F.Robots
来复健,但是没料到是GP场,就不该来,应该去vp
这道题的题意是给两个数组a和b,对于每个b,会有最近的依然active的a来配对,问最小的距离是多少,并且给出一种删b的方案
样例给了:
3
1 2 3
11 12 13
答案是30,我们先删掉13,然后删掉12,最后删掉11, 为什么不从前往后呢?
因为我们没法保证所有的a[i] <> b[i],会出现一种情况,当前的b抢走了前面的a,或者前面的b抢走了当前的a,为了保证一致性,我们可以分类讨论
我们固定a[i] < b[i] 为唯一的ordering,那么在我们新iterate到的节点,我们看看这个节点的a[i]会不会被前面抢走,如果会的话,先把前面爆了,然后再塞入当前的b,这样就保证了一致性,如果不会被爆,那么我们就把第i个节点爆了,从而保证无后效性。
那么怎么维护呢?我们可以用一个栈来维护。
#include <bits/stdc++.h>
#include <ext/rope>
using namespace std;
constexpr int limit = (4e5 + 5);//防止溢出
#define INF 0x3f3f3f3f
#define inf 0x3f3f3f3f3f3f3f
#define lowbit(i) i&(-i)//一步两步
#define EPS 1e-9
#define FASTIO ios::sync_with_stdio(false);cin.tie(0),cout.tie(0);
#define pi(a, b) pair<a,b>
#define rep(i, a, b) for(ll i = a; i <= b ; ++i)

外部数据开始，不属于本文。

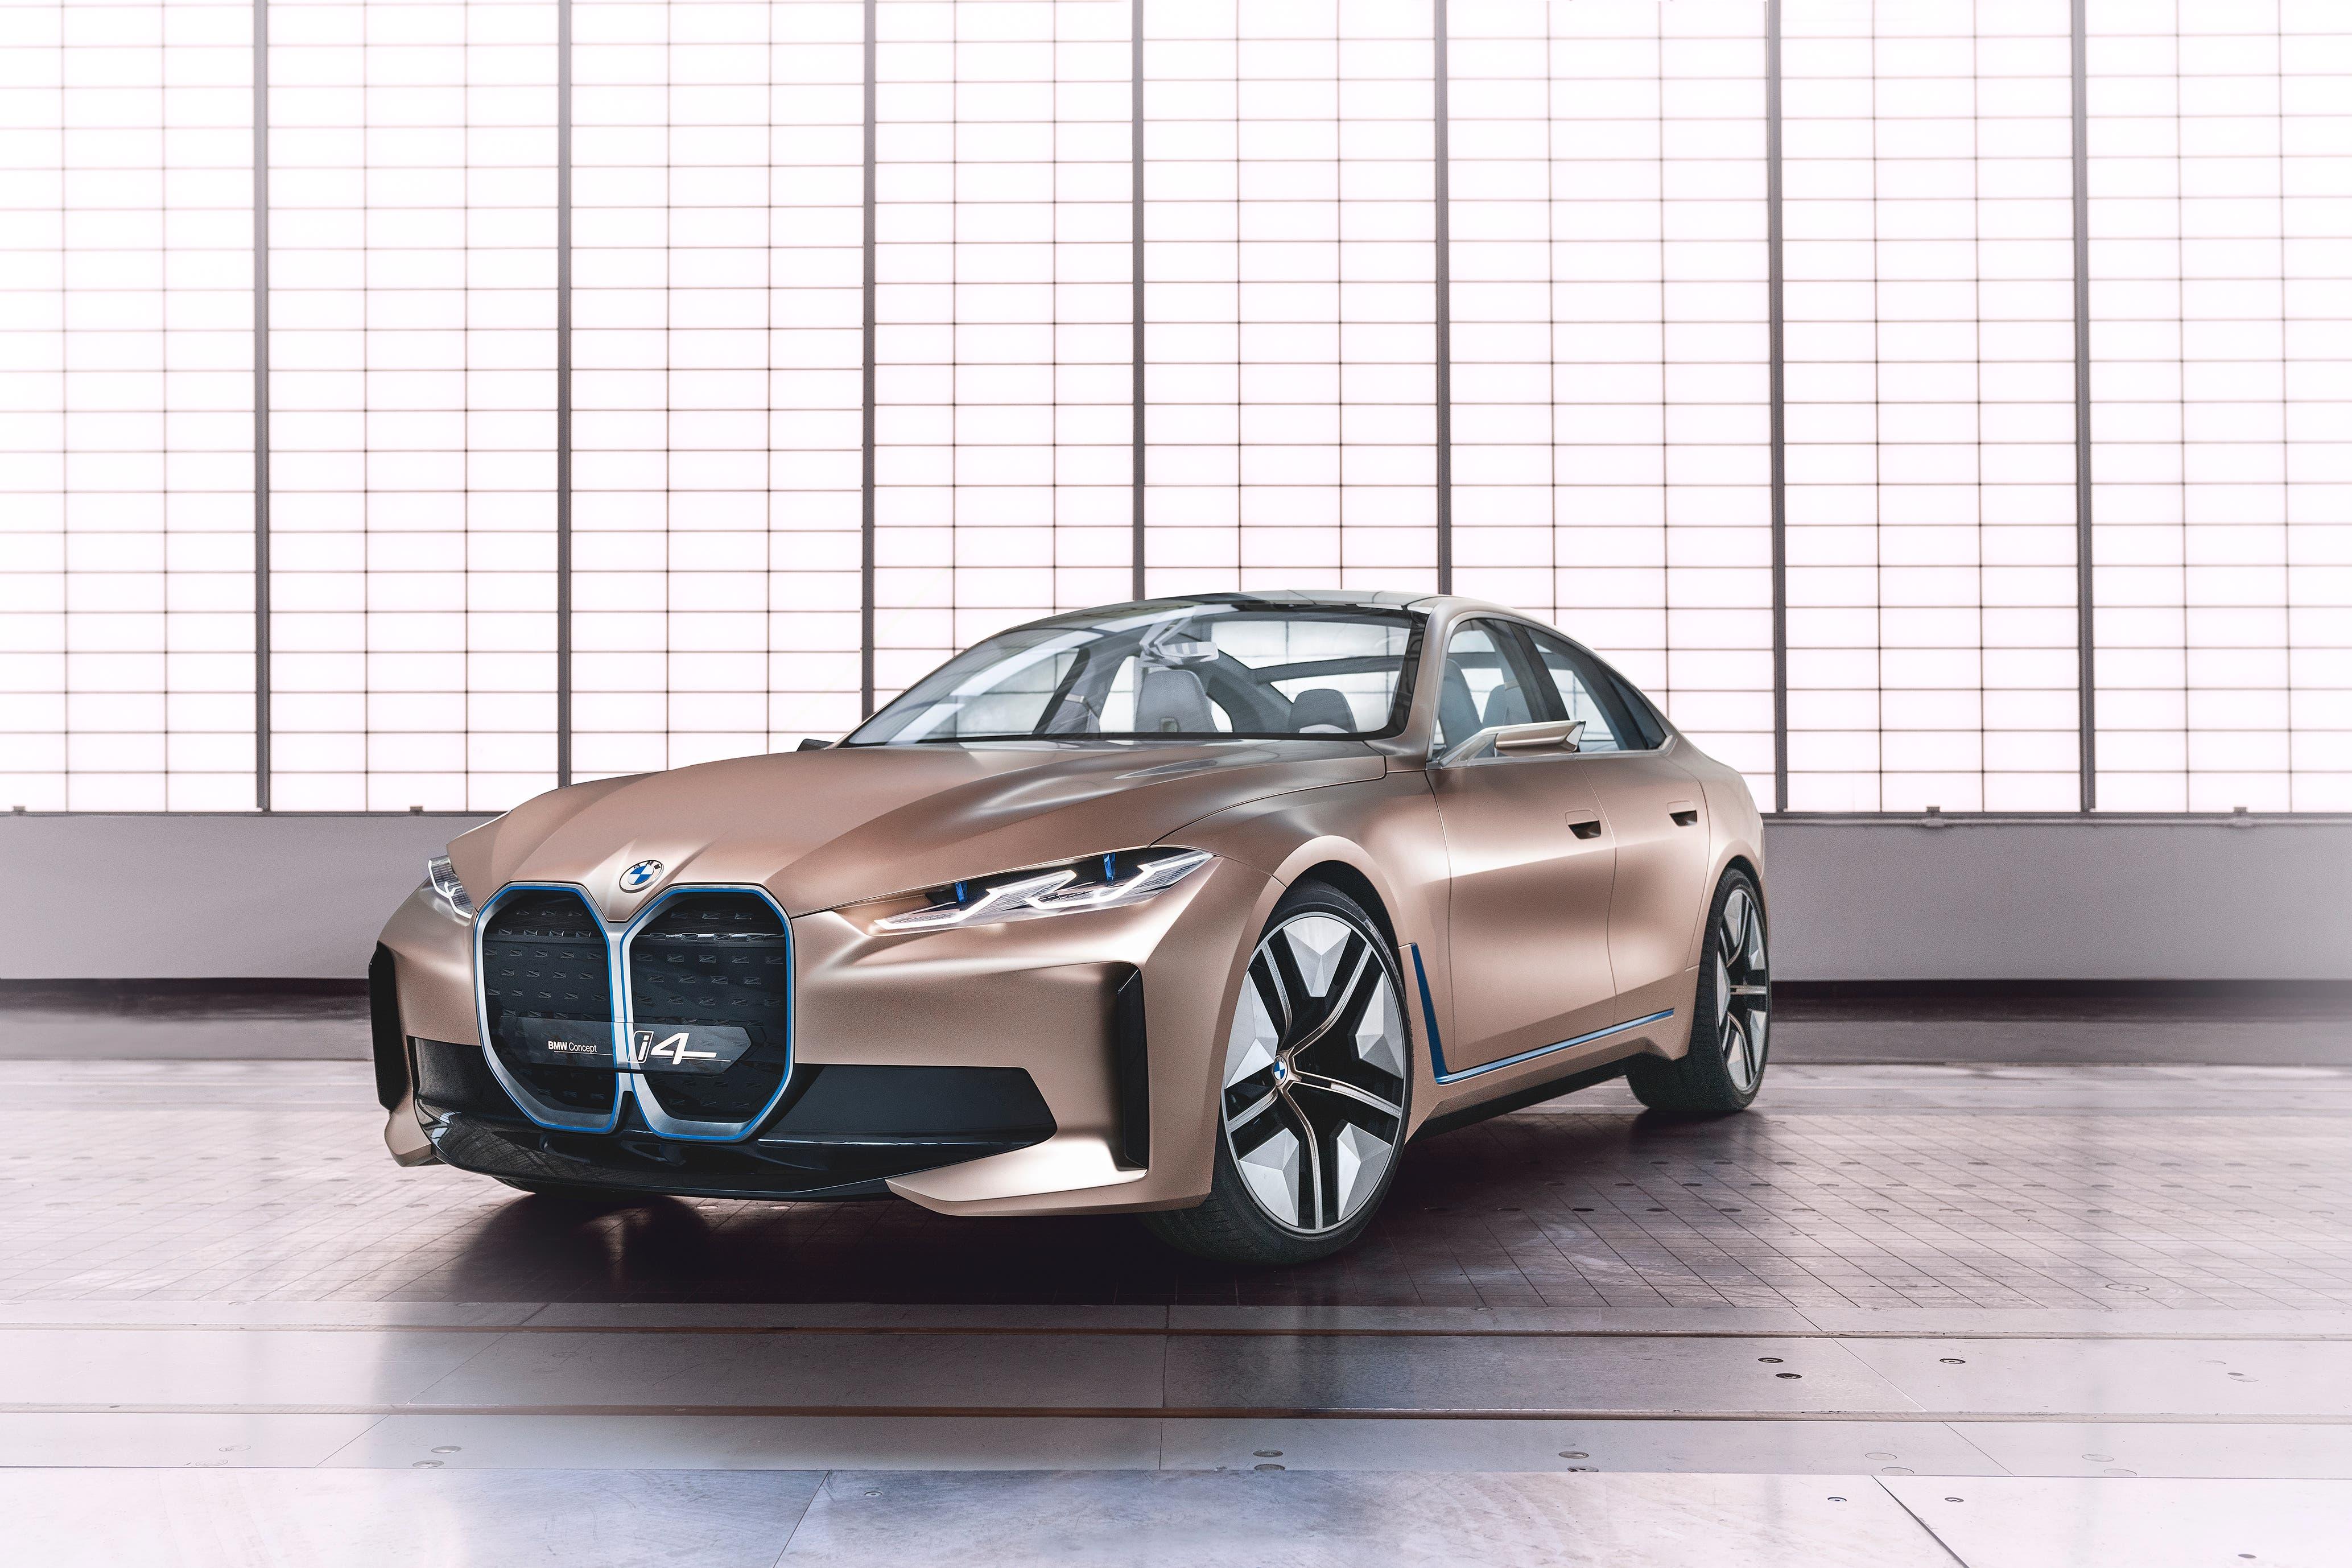 Mit dem Concept i4 gibt BMW erstmals einen Ausblick auf ein rein elektrisches Auto im Mittelklassesegment. Bis zu 600 Kilometer Reichweite (WLTP), bis zu 530 PS, in circa vier Sekunden von null auf hundert und eine Höchstgeschwindigkeit von über 200 Stundenkilometer zeichnen das Concept i4 aus. 2021 wird mit der Produktion des Serienmodells begonnen.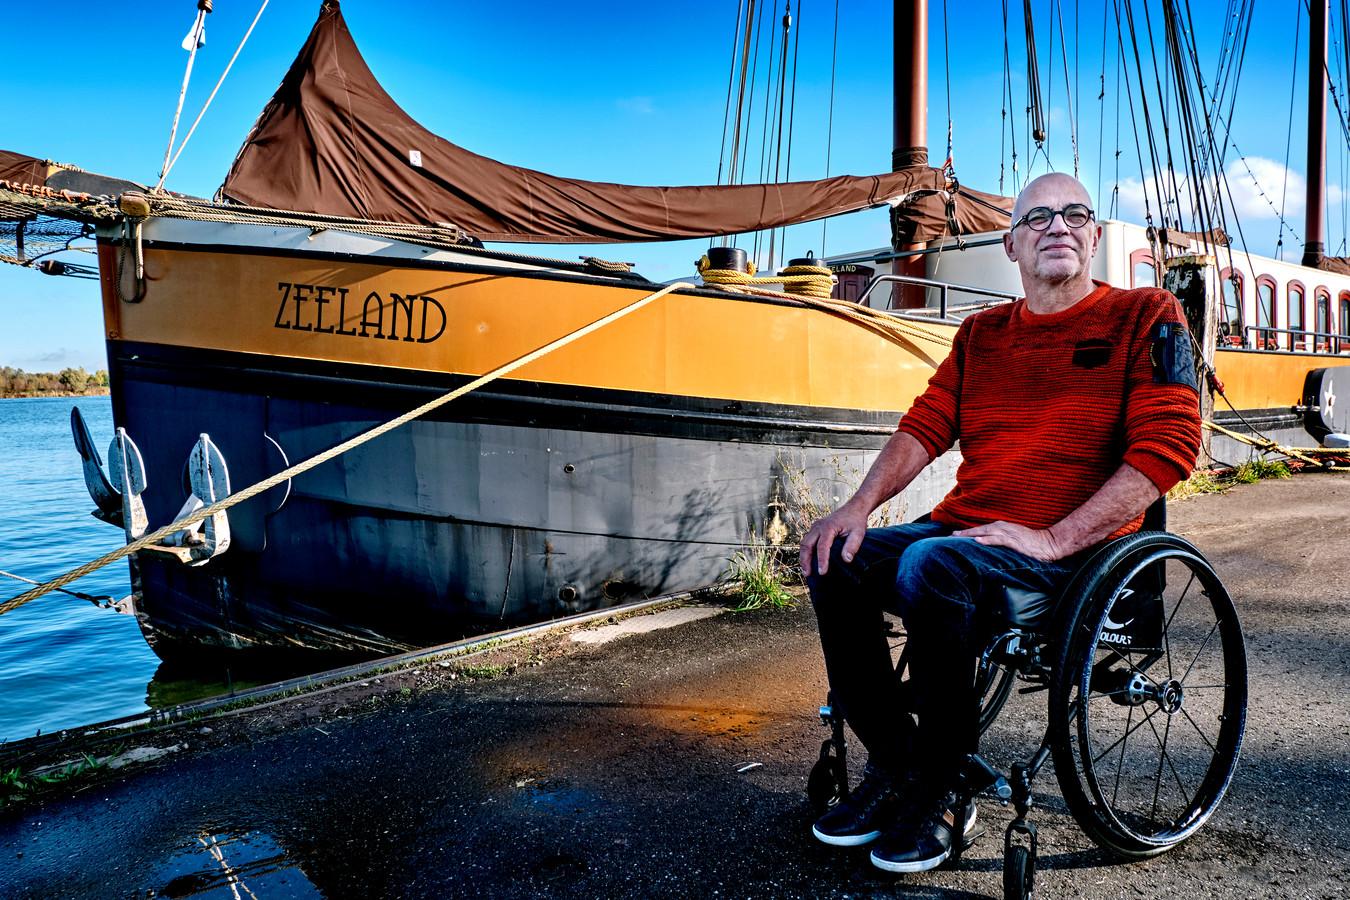 Zeilcharterschip De Zeeland gaat de komende tijd steeds meer focus leggen op ouderen en mensen met een beperking.

#define per(i, a, b) for(ll i = b ; i >= a ; --i)
#define MOD 998244353
#define traverse(u) for(int i = head[u]; ~i ; i = edge[i].next)
#define FOPEN freopen("C:\\Users\\tiany\\CLionProjects\\akioi\\data.txt", "rt", stdin)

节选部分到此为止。